··· Input data ···
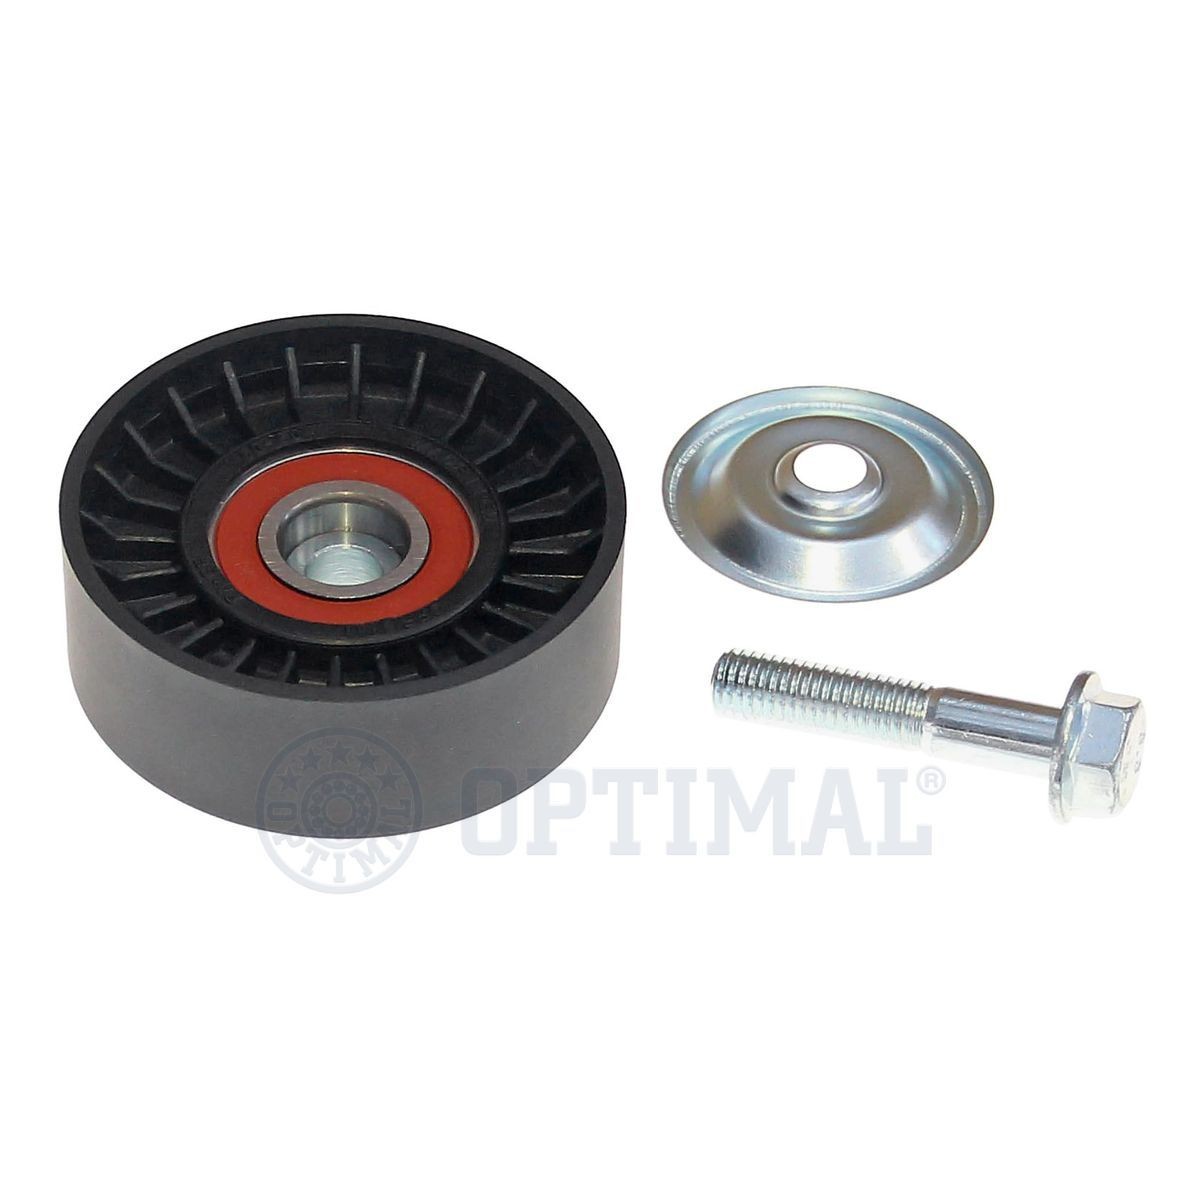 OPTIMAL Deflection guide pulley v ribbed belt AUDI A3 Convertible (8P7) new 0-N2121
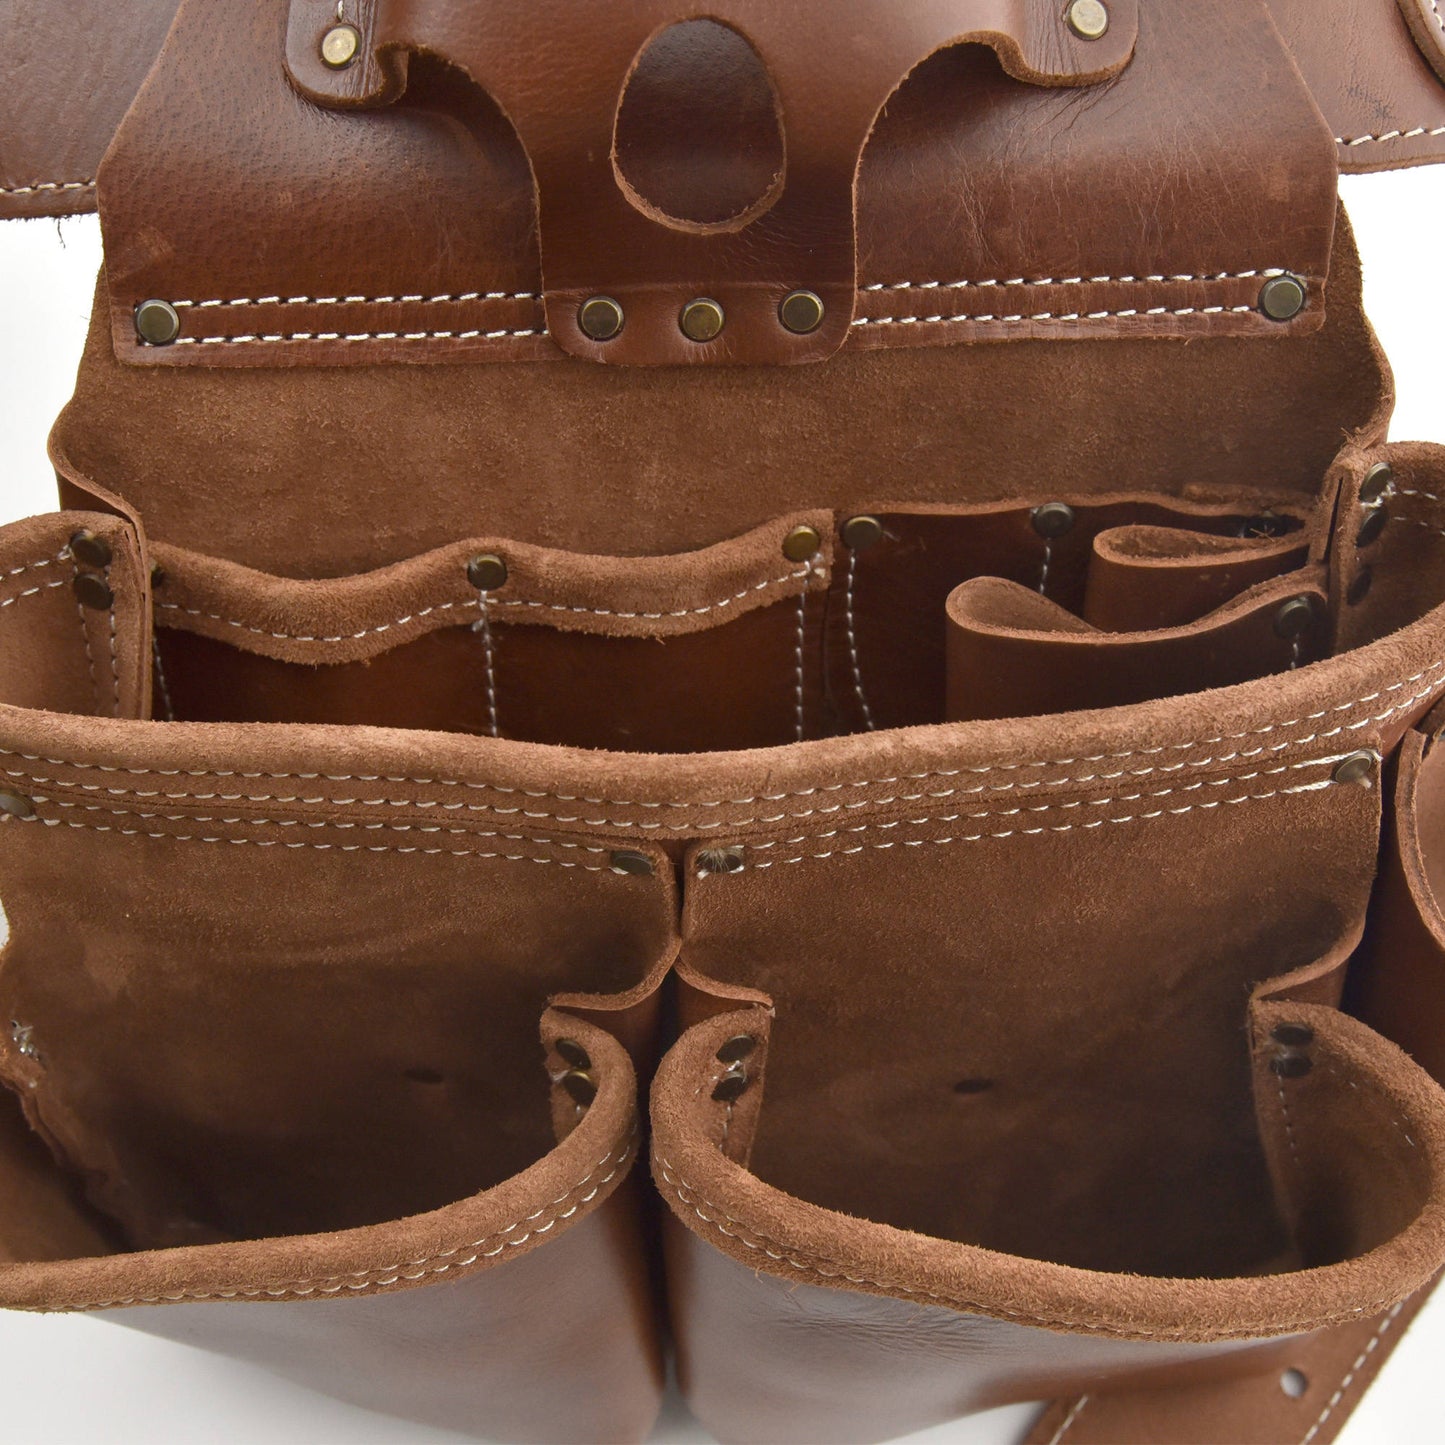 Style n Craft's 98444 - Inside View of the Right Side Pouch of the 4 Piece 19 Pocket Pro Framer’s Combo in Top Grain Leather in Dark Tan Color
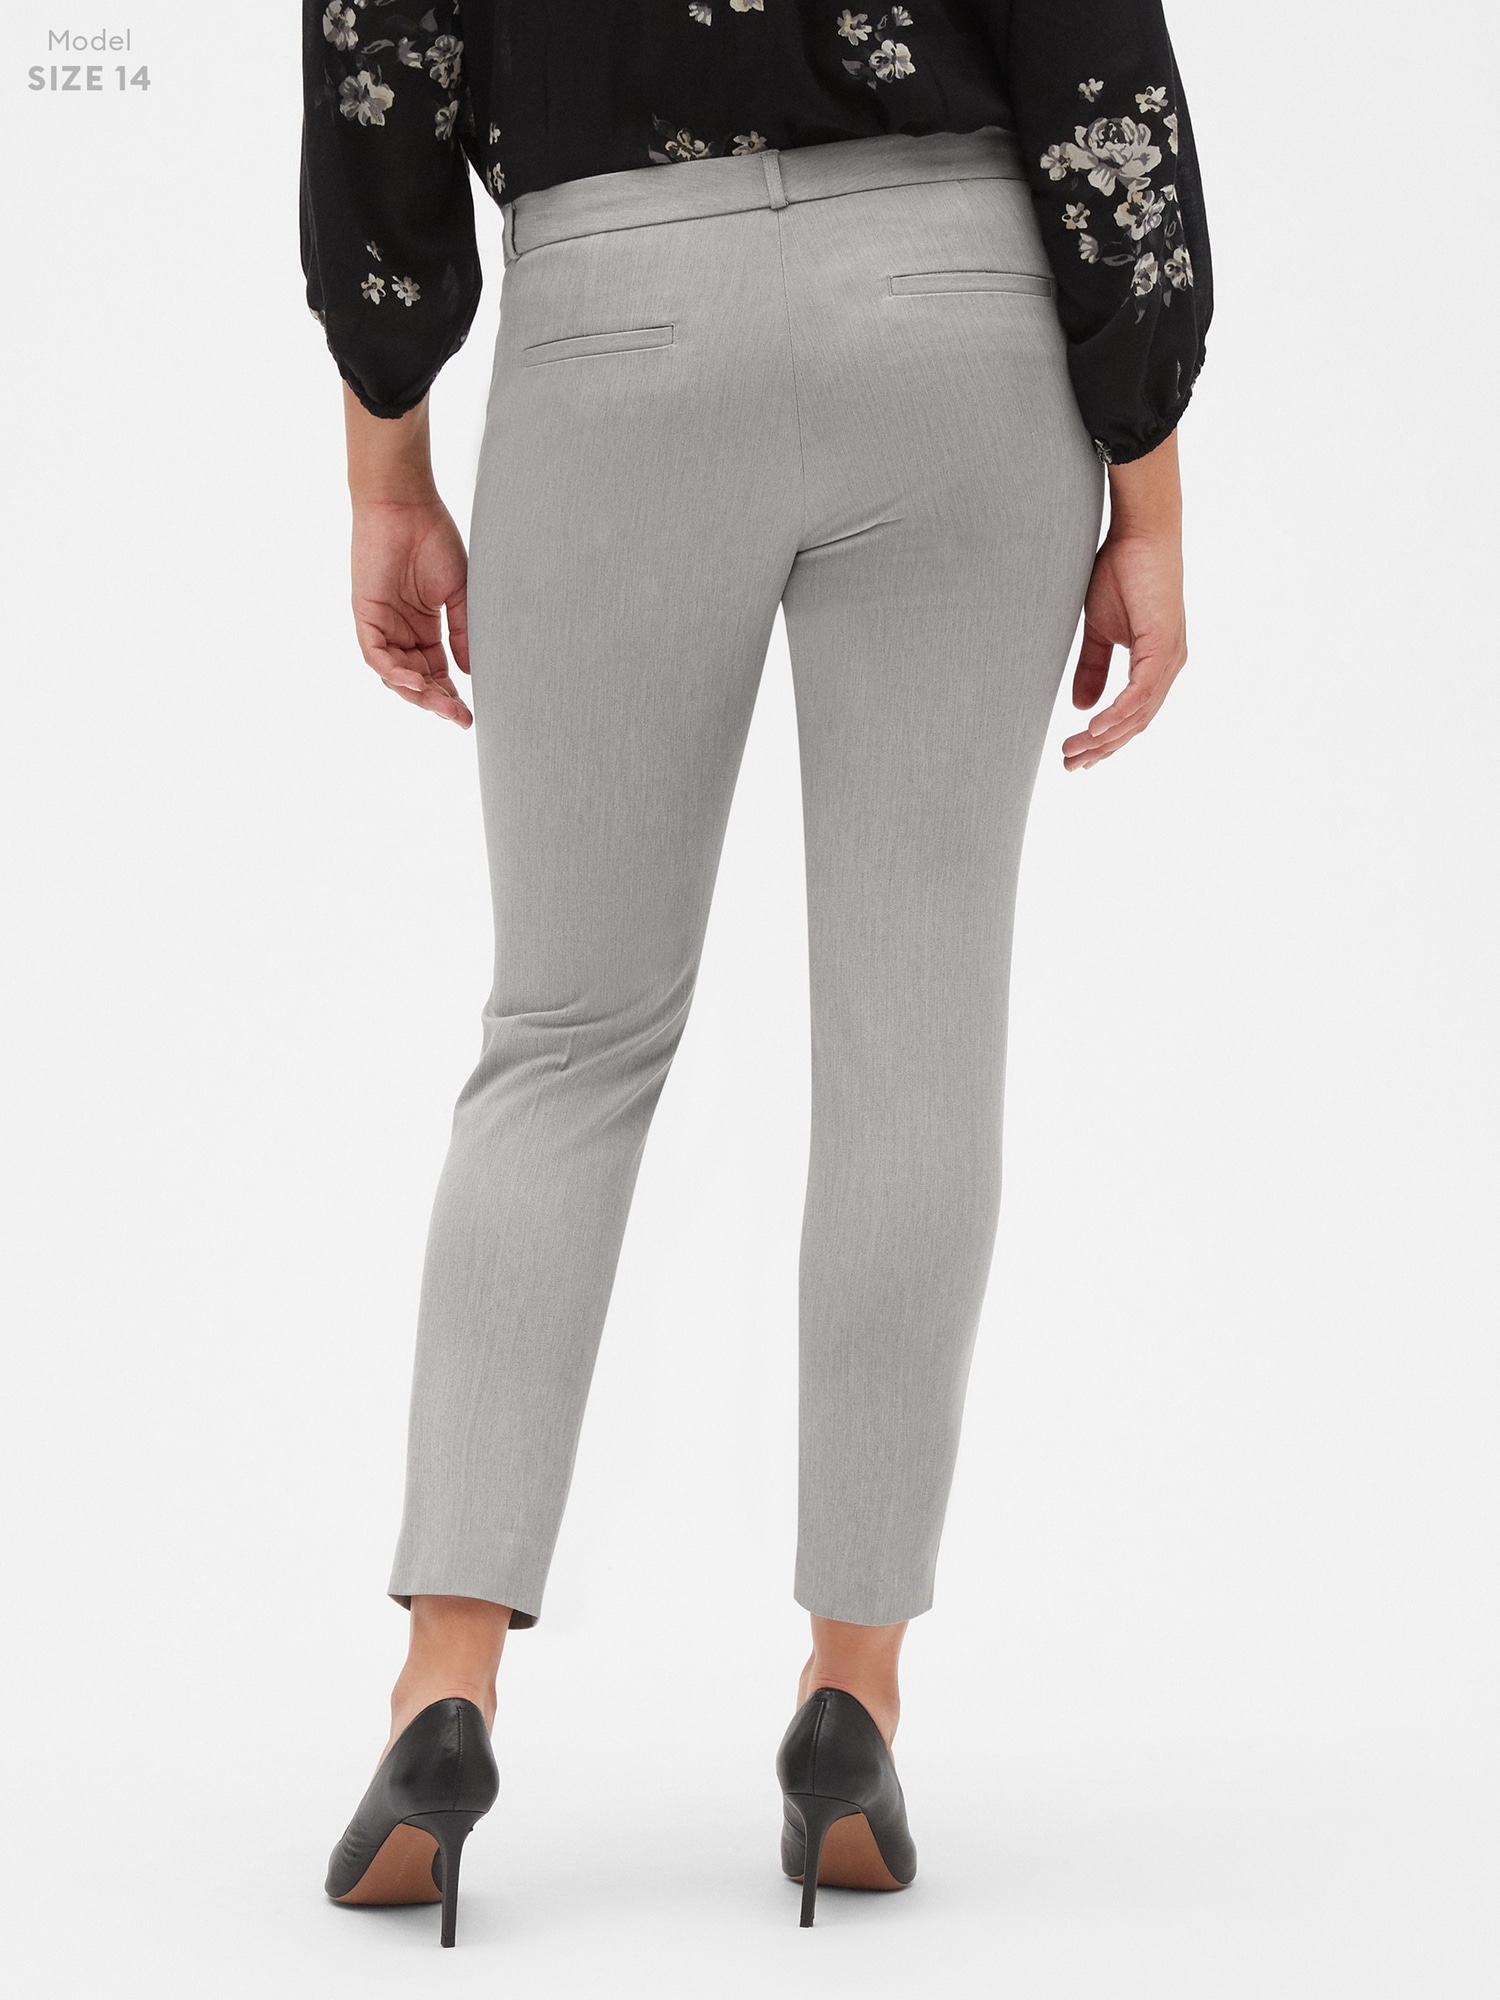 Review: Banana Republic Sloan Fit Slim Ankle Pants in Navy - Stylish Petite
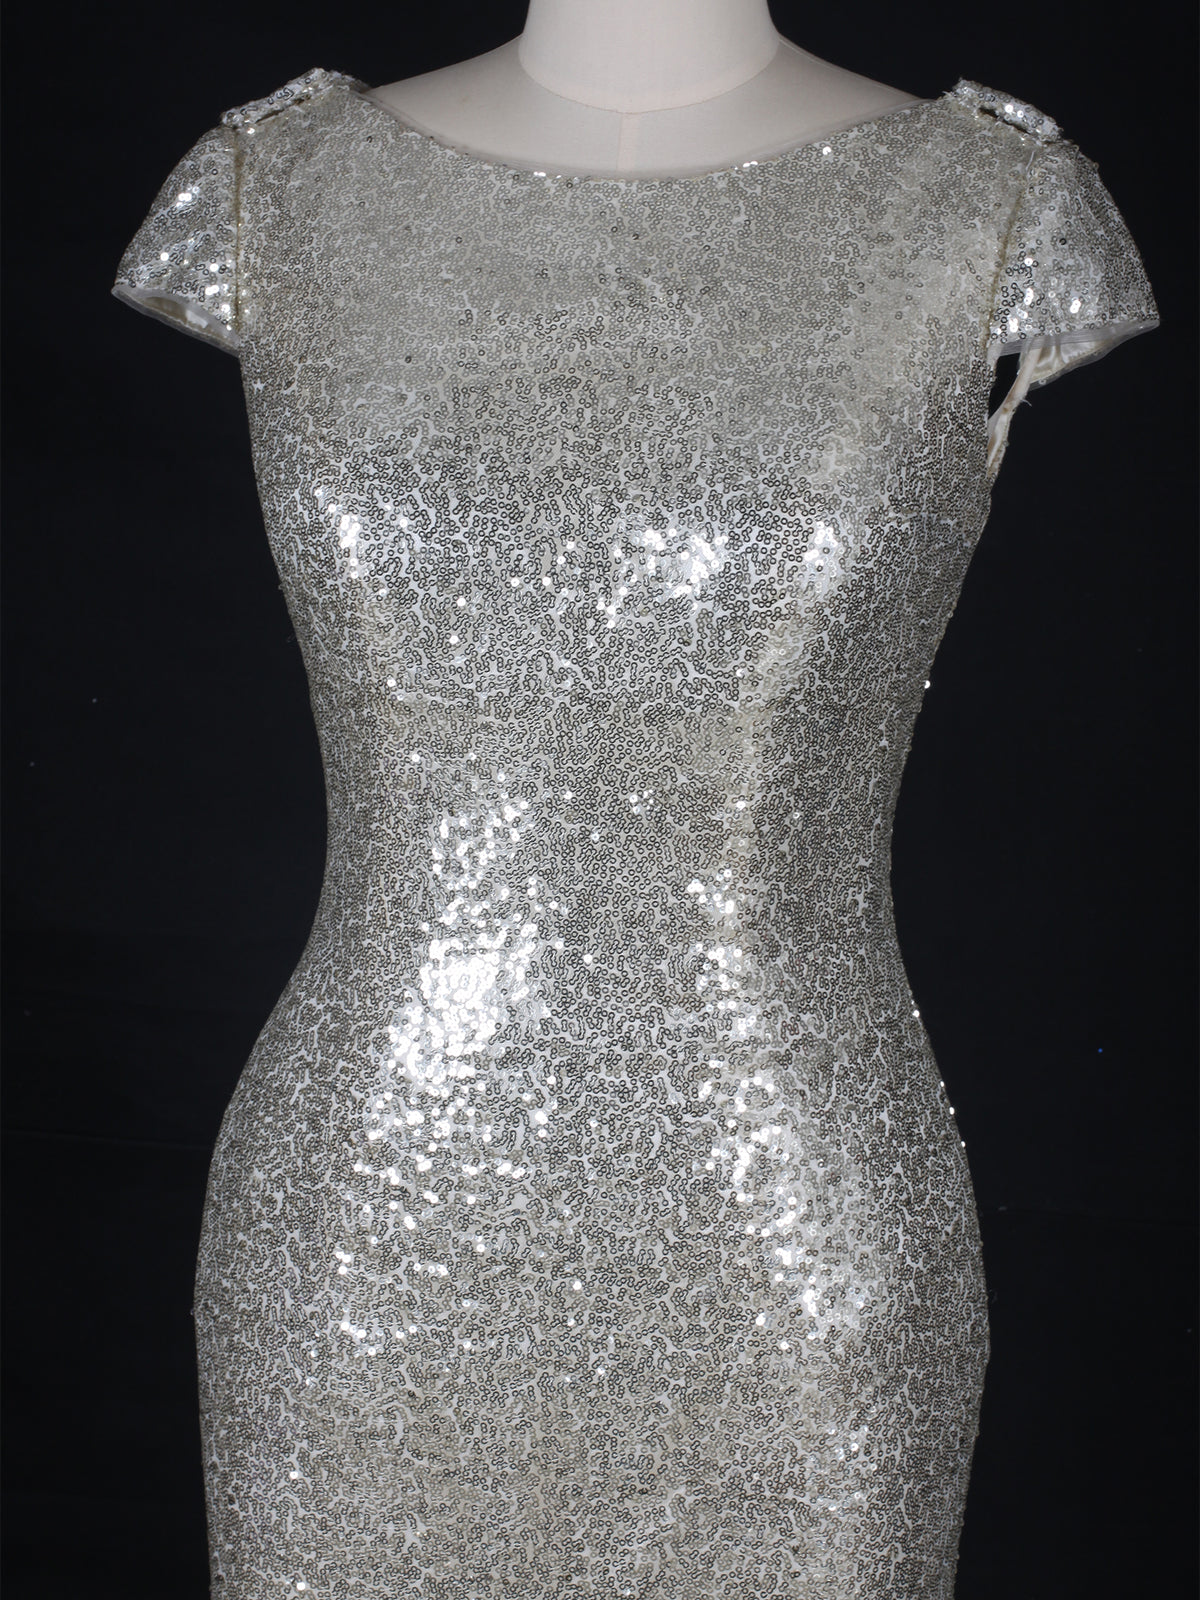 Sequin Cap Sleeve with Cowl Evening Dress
···
Each line from the one containing "Style n Craft's" through the final line of the data must be reproduced exactly, both ends included, with no pictures in the copy.

 Style n Craft's 98444 - Inside View of the Right Side Pouch of the 4 Piece 19 Pocket Pro Framer’s Combo in Top Grain Leather in Dark Tan Color
 Review: Banana Republic Sloan Fit Slim Ankle Pants in Navy - Stylish Petite
 Sequin Cap Sleeve with Cowl Evening Dress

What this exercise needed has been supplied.